I'm not entirely clear on what you are trying to do, so I'm limited in the advice I can offer. To do anything useful I'd need to be clear on the exact patterns you are seeking, any variables/circumstances in which to find them, the files you are seeking them in and what you want to do with the output.

Personally I prefer to use Perl for log churning, but you may be able to knock up what you want with (family)GREP, AWK or SED or a shell script.

Familiarise yourself with Regular Expressions - and you'll find your holy grail.
http://www.gsp.com/cgi-bin/man.cgi?s...=1&topic=zgrep

Good luck.
Believe me. I've tried. For some people things digest so easily. Definitely not my case.

The reason I am trying a two step approach (extract the lines that have "refused sender" on them and then extracting the MSG ID of those lines so I can use the MSG ID to then search for any lines that contain that MSG ID) is because the original LOG (i merged the logs so I only have to look in one single file) contains good and bad connections (trojan) and I want to extract all the SMTP traffic related to the BAD connections. The only common thing identifying the connection is the MSG ID found in the "Refused sender" line. So my previous example:

09:37:31 058 DMN: MSG 14421742 Accepted connection: [192.268.1.100] (dns_for_the_machine)
09:37:31 058 DMN: MSG 14421742 Refused sender: email@domain.com (4)
09:37:31 058 DMN: MSG 14421742 SMTP session ended: [192.268.1.100] (dns_for_the_machine)

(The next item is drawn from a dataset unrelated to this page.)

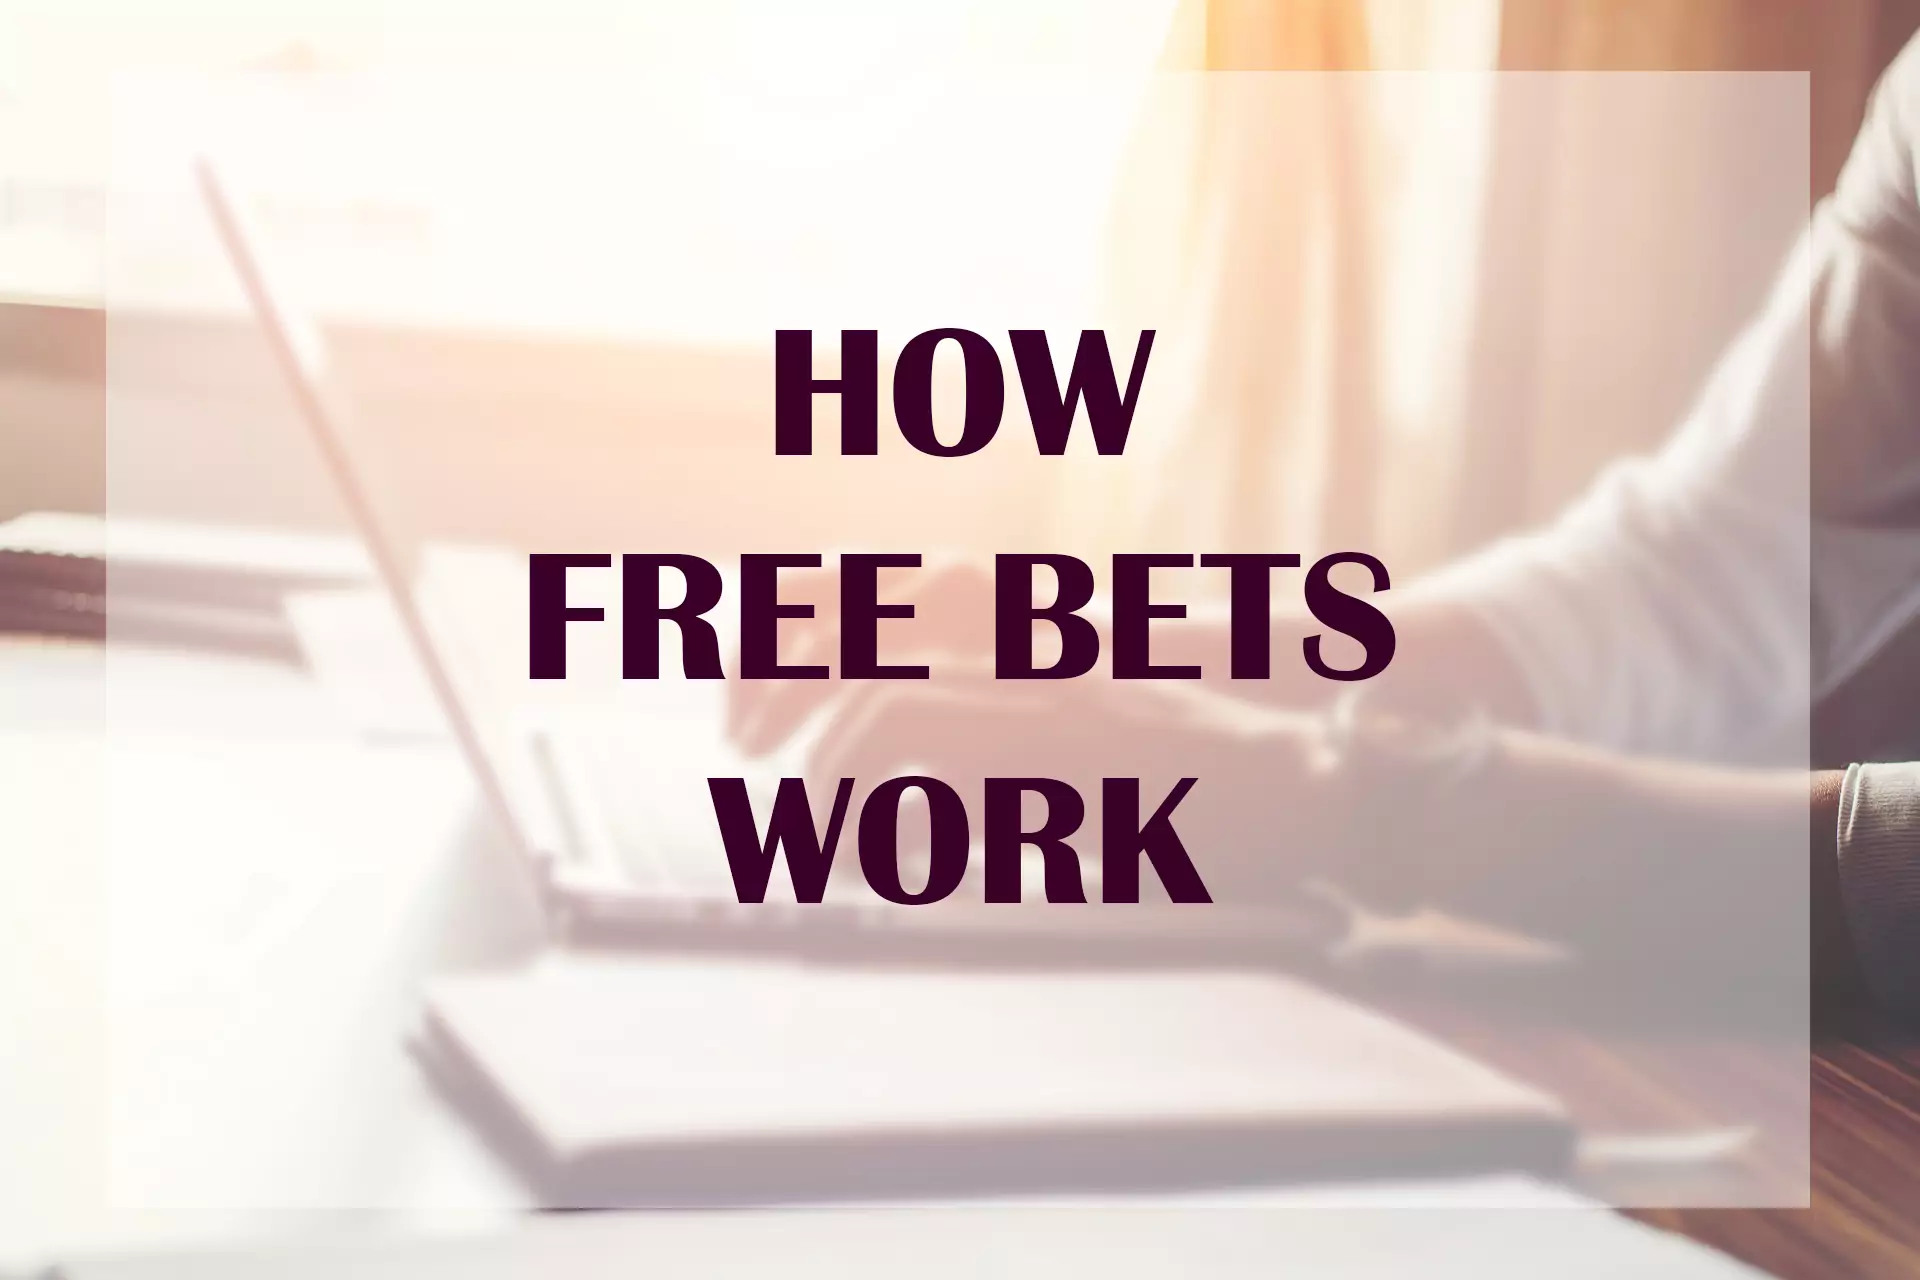 The key point of free bets is that site presents you a chance to try betting freely.

These are the lines identifying the BAD connections. First the connection is accepted, then it's refused and then SMTP is dropped.

So, for each new connection there is a new MSG ID (i.e.: MSG 14421742).

I am able to extract the line "Refused sender" only found on BAD connections. Now to extract the rest of the information for that connection I need to search for the MSG ID related to the "Refused server" line. So I would somehow now search for "MSG 14421742" and three lines would show up as shown above. Output that to a another file.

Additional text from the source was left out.